We have a TFS 2017 build agent executing a Visual Studio Test task to execute our unit tests. This has worked fine for several years, but all of a sudden - without any code changes - the task gets stuck.
All the tests have finished running, we see summary information, and it will sit at what appears to be the place where it would normally publish the results... but then nothing happens. We've waited 12+ hours for it to finish. This step normally takes about 90 minutes.
I've confirmed that the TRX file is being created. It's about 4MB in size. We're running a bit over 3000 unit tests.
I've also tried disabling code coverage and attachments upload inside the test task, but it doesn't appear to make a difference.
Below is a screen cap of the log output when the step is stuck.
Lastly, we have lots of other projects on this server whose tests run / publish fine, as well as TFS Releases for this same build that also run tests (integration/system tests) which work without issue.
UPDATE: We ran this build on a different build server, and it published tests correctly. So this means there is something wrong with this specific build server...
UPDATE 2: So I'm not longer sure what is happening here. The original build server we were having issues on is now working fine with no changes whatsoever. Just started working again. The other build server was working, and then stopped. Same issue. I broke up the 3000+ tests into two steps, roughly 50/50, and that worked a couple of times, but now does not. So this does not appear to be server specific, nor does it appear to be related to the quantity of tests. Debug logging offers nothing useful, as everything seems fine right up until it just stops doing anything after generating the TRX file.
UPDATE 3: Well, it's happening again. I'm not sure how to proceed. I even tried Fiddler on the build box to see if I could catch funky looking traffic, but most of the traffic I'd expect to see I don't. It's like a good chunk of the work isn't being captured (such as source downloads, reporting progress, or test result publishing) by Fiddler. Is it not over HTTP/HTTPS?
This was difficult to figure out due to the quantity of tests we're running, but I was able to narrow it down to a test that launched ping.exe:
[ExpectedException(typeof(TimeoutException))]
[TestMethod]
public void ProcessWillTimeout()
{
const string command = "cmd";
const string args = "/C ping 127.0.0.1 /t";
var externalProcessService = new ExternalProcessService();
externalProcessService.Execute(command, args, TimeSpan.FromMilliseconds(500));
}
For whatever reason, this test was leaving both conhost.exe and ping.exe "orphaned". The fact these processes were not terminating was, for an unknown reason, preventing the tests from publishing their results back to TFS. There is probably something somewhere that waits for the a process to finish and that was never happening.

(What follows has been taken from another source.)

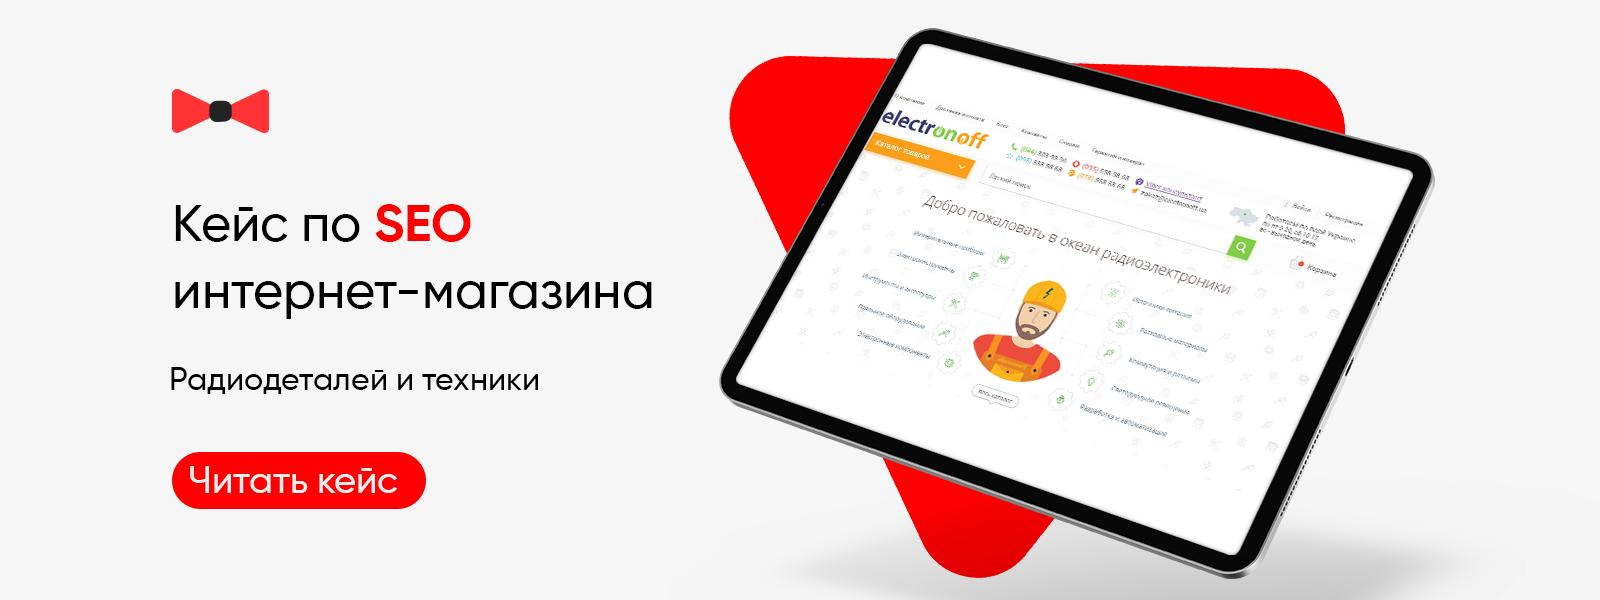 SEO-Кейс по продвижению интернет-магазина радиодеталей

Indeed, we would see a bunch of conhost.exe and ping.exe processes in both Task Manager and Process Explorer:
You'll notice the tool tip there... "[Error opening process]". I couldn't even use Process Explorer to kill these processes - although Task Manager could. Sure enough, when I killed them, the TFS build task would immediately resume and finish publishing results.
So there is clearly some kind of bug in that ExternalProcessService code we were testing (despite carefully having a finally block that terminated the process), but we are at least able to have our build tests run again without issue.